Dizem que o tempo não para. Mentira descarada, o tempo parou hoje, exatamente às 08h00, quando o nosso amigo (vamos chamar-lhe A., para proteger os inocentes) entregou a chave, desligou o computador, desinstalou-se do gabinete e suspirou num misto de mágoa e saudade: “Agora sim, estou reformado.”
É um momento histórico. O relógio dos corredores do Hospital ficaram desorientado, o Boss mais boss de todos os bosses começou a suar frio, e a máquina do café entrou de luto. Afinal, A. era o único que sabia pôr aquilo a funcionar sem manual, com rigor e disciplina.
Setenta anos, e ainda com mais energia do que muitos de vinte, embora o o cabelo branco o atire para o Ser Mais Velho como se diz na nossa terra. Durante décadas, A. fez tudo: trabalhou, criou filhos, pagou impostos e fez promessas de “um dia descansar” embora lá no fundo ia achar era eterno, tal como quem escreve estas linhas.
Pois bem, o dia chegou… e agora ele vai tentar perceber o que é que as pessoas fazem às 10h30 de uma terça-feira quando não estão a responder a e-mails, a disciplinar e a olear uma máquina enfraquecida, enferrujada e desgastada pela inércia do boss mais boss que o grande boss.

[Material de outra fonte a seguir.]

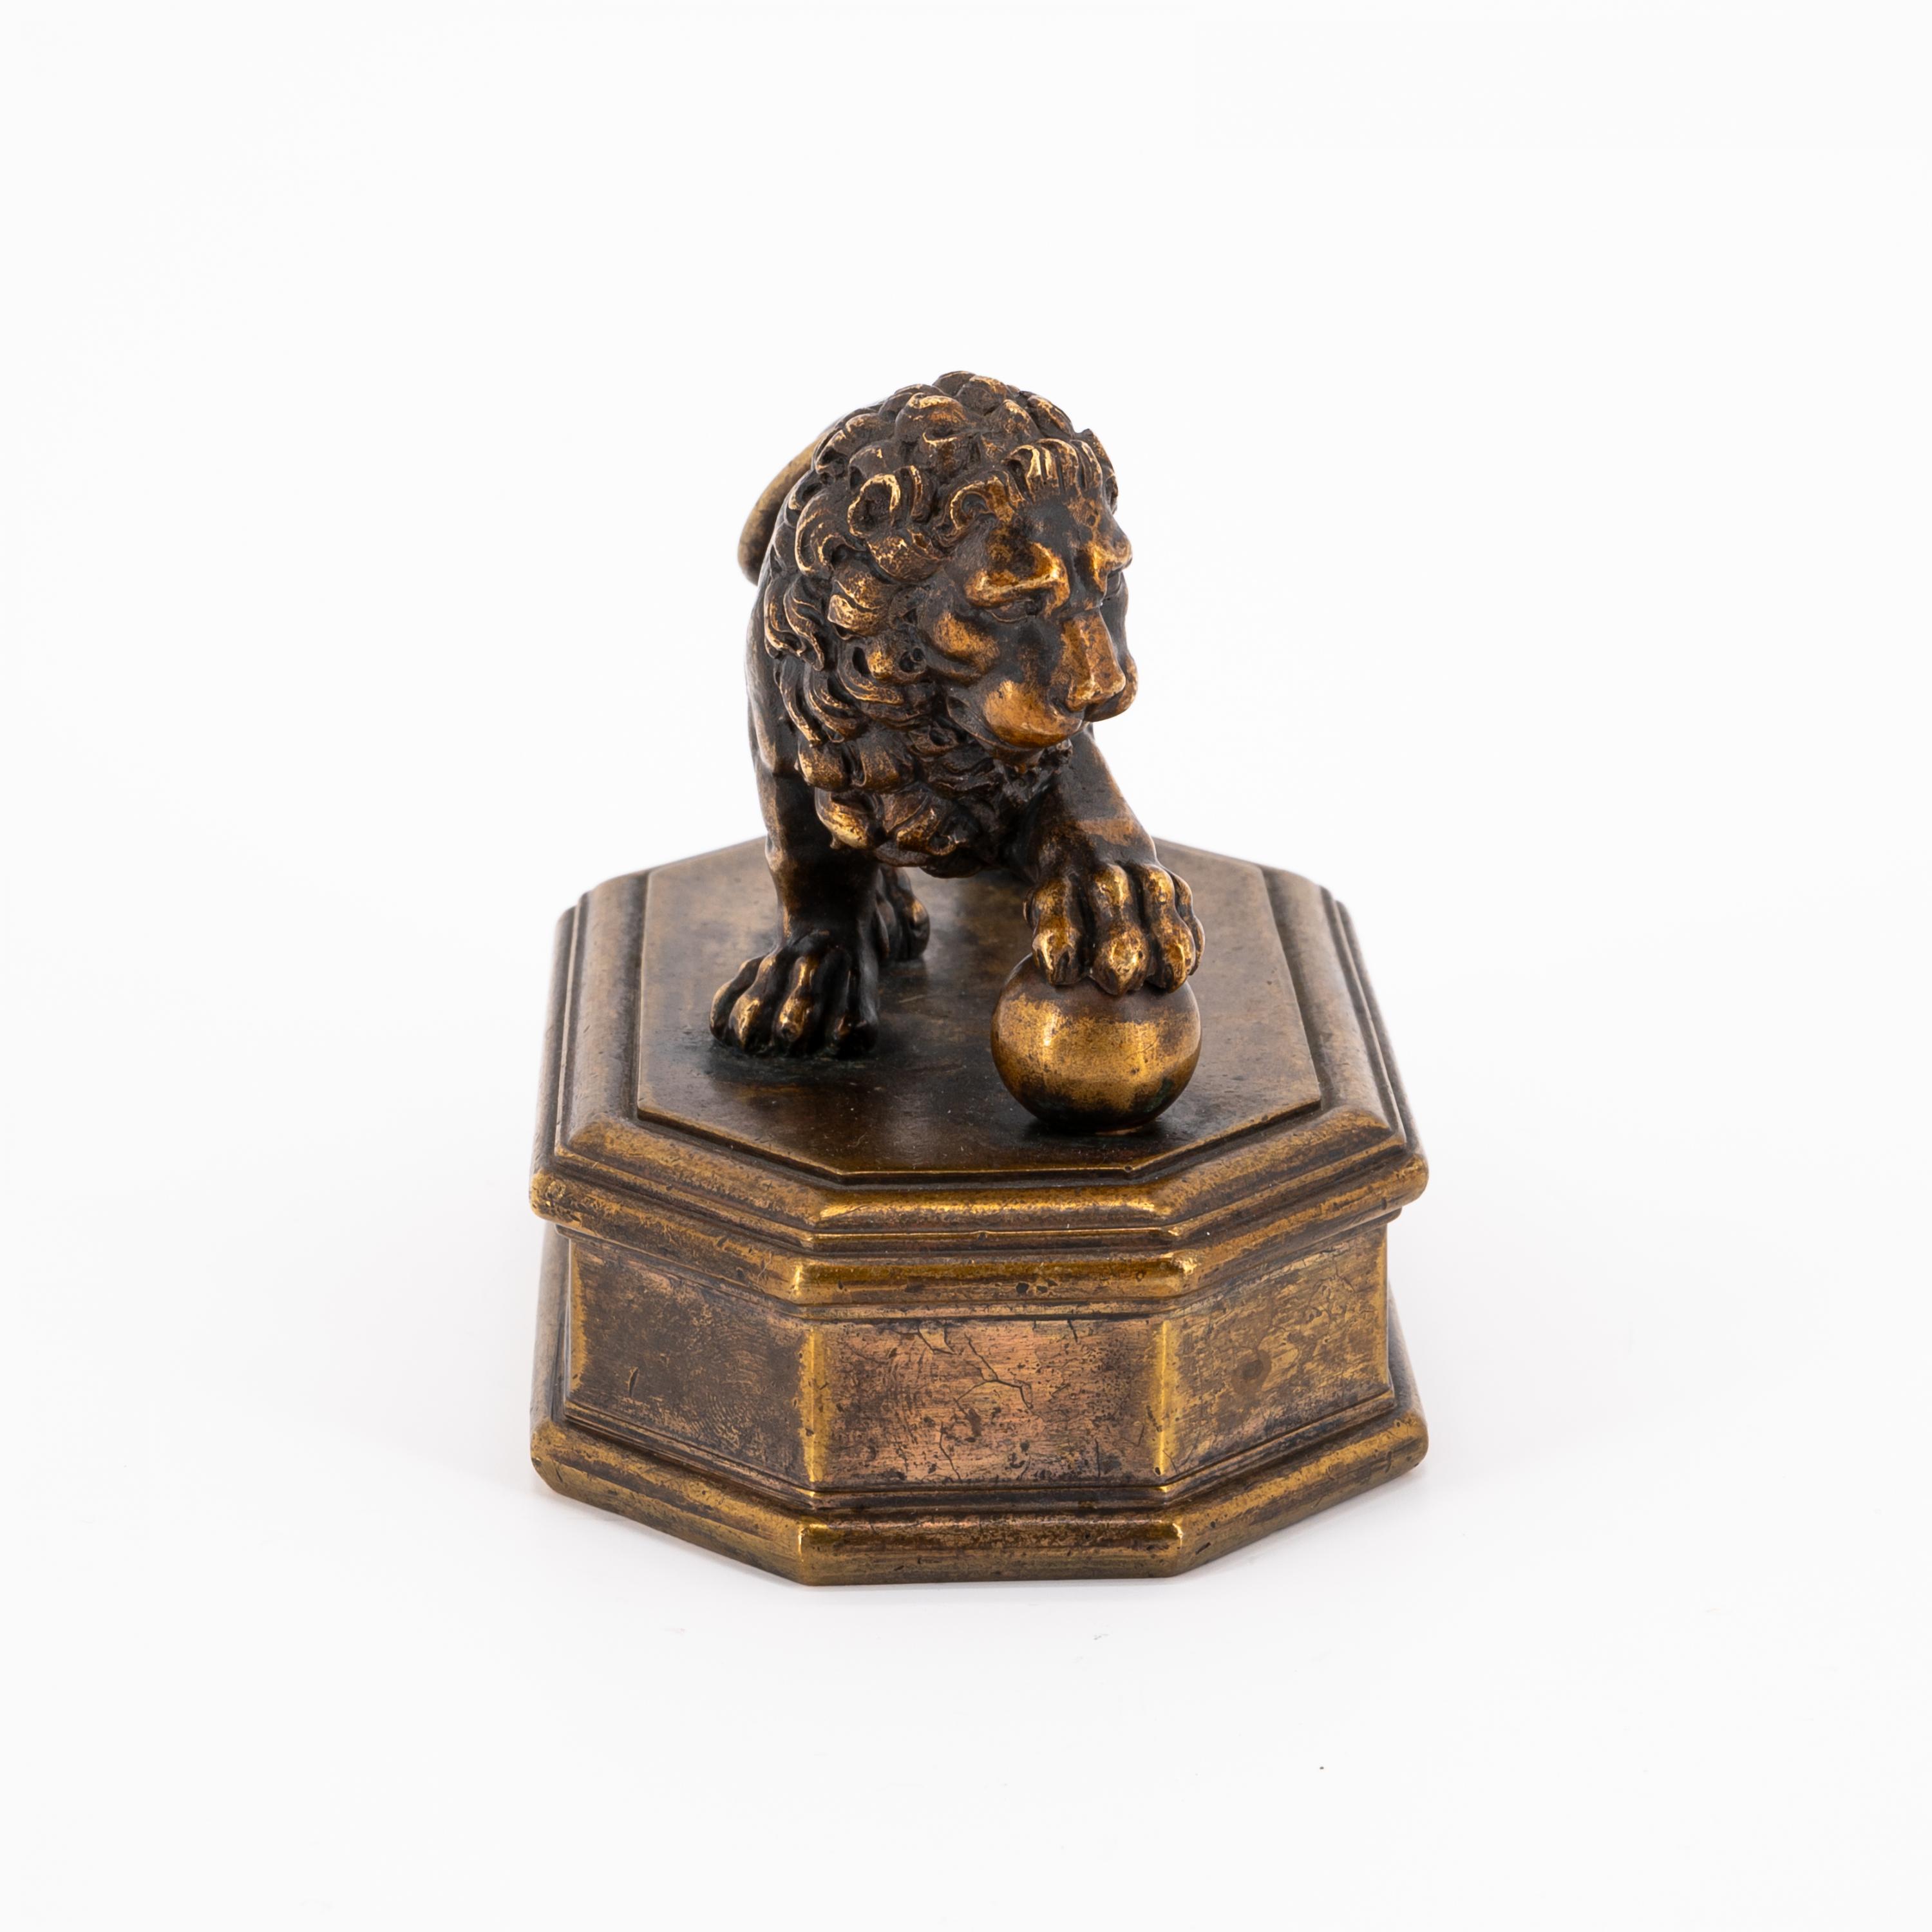 SMALL BRONZE SCULPTURE OF A LION ON A PEDESTAL - Image 5 of 6

Os amigos já o avisaram: o primeiro mês da reforma é perigoso. A pessoa acorda cedo por hábito, faz o café, olha o relógio e pensa: “Tenho o dia todo pela frente.” E depois percebe que o dia é muito longo quando não há reuniões nem internos para culpar.
Mas o nosso A. é homem de recursos. Diz que vai “pôr tudo em ordem lá em casa”. Tradução: vai mexer em gavetas, encontrar manuais de micro-ondas de 1998 e proclamar que “um dia pode ser útil”. A S. vai-se exasperar, expulsar da sala, da cozinha e sobra-lhe o jardim, mas está a chover
A verdade é que a reforma é uma arte. Não é o fim — é o início de uma nova carreira: a de gestor de tempo próprio, com especialização em sestas e longos almoços, partidas de golf, conversas intermináveis e ideia contruíveis.
Parabéns, A.! Chegaste aos 70 com humor, saúde e, finalmente liberdade para não fazer nada com estilo.